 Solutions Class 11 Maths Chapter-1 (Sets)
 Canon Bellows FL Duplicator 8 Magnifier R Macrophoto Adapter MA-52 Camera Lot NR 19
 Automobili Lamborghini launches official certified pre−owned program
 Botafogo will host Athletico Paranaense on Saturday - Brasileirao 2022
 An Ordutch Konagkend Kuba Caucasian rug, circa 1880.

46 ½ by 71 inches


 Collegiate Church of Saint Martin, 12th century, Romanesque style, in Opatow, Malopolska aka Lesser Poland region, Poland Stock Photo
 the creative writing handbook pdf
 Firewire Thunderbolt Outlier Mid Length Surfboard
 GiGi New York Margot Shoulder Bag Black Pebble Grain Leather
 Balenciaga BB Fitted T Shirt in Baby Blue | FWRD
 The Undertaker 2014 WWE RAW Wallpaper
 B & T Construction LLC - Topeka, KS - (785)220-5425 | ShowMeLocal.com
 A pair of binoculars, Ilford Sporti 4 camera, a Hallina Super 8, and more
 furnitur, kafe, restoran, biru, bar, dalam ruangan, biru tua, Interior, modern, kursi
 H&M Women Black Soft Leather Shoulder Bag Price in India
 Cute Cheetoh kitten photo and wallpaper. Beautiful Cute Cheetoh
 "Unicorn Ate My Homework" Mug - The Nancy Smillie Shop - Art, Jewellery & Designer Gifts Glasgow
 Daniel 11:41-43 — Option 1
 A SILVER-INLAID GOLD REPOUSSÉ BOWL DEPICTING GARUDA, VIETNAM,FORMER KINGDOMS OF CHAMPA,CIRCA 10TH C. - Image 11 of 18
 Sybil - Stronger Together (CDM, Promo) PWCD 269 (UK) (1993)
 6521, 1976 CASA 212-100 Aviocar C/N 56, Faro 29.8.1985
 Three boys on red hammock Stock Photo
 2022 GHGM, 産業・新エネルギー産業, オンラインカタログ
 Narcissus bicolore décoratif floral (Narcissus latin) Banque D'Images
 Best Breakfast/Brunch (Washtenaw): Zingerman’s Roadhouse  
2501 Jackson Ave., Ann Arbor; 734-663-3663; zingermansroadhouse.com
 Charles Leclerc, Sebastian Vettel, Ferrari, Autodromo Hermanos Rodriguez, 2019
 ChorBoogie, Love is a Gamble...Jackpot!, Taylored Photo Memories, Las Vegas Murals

********************

## Problem requirements
The task calls for all the records above to be repeated exactly.

## Result for this task
 Solutions Class 11 Maths Chapter-1 (Sets)
 Canon Bellows FL Duplicator 8 Magnifier R Macrophoto Adapter MA-52 Camera Lot NR 19
 Automobili Lamborghini launches official certified pre−owned program
 Botafogo will host Athletico Paranaense on Saturday - Brasileirao 2022
 An Ordutch Konagkend Kuba Caucasian rug, circa 1880.

46 ½ by 71 inches


 Collegiate Church of Saint Martin, 12th century, Romanesque style, in Opatow, Malopolska aka Lesser Poland region, Poland Stock Photo
 the creative writing handbook pdf
 Firewire Thunderbolt Outlier Mid Length Surfboard
 GiGi New York Margot Shoulder Bag Black Pebble Grain Leather
 Balenciaga BB Fitted T Shirt in Baby Blue | FWRD
 The Undertaker 2014 WWE RAW Wallpaper
 B & T Construction LLC - Topeka, KS - (785)220-5425 | ShowMeLocal.com
 A pair of binoculars, Ilford Sporti 4 camera, a Hallina Super 8, and more
 furnitur, kafe, restoran, biru, bar, dalam ruangan, biru tua, Interior, modern, kursi
 H&M Women Black Soft Leather Shoulder Bag Price in India
 Cute Cheetoh kitten photo and wallpaper. Beautiful Cute Cheetoh
 "Unicorn Ate My Homework" Mug - The Nancy Smillie Shop - Art, Jewellery & Designer Gifts Glasgow
 Daniel 11:41-43 — Option 1
 A SILVER-INLAID GOLD REPOUSSÉ BOWL DEPICTING GARUDA, VIETNAM,FORMER KINGDOMS OF CHAMPA,CIRCA 10TH C. - Image 11 of 18
 Sybil - Stronger Together (CDM, Promo) PWCD 269 (UK) (1993)
 6521, 1976 CASA 212-100 Aviocar C/N 56, Faro 29.8.1985
 Three boys on red hammock Stock Photo
 2022 GHGM, 産業・新エネルギー産業, オンラインカタログ
 Narcissus bicolore décoratif floral (Narcissus latin) Banque D'Images
 Best Breakfast/Brunch (Washtenaw): Zingerman’s Roadhouse  
2501 Jackson Ave., Ann Arbor; 734-663-3663; zingermansroadhouse.com
 Charles Leclerc, Sebastian Vettel, Ferrari, Autodromo Hermanos Rodriguez, 2019
 ChorBoogie, Love is a Gamble...Jackpot!, Taylored Photo Memories, Las Vegas Murals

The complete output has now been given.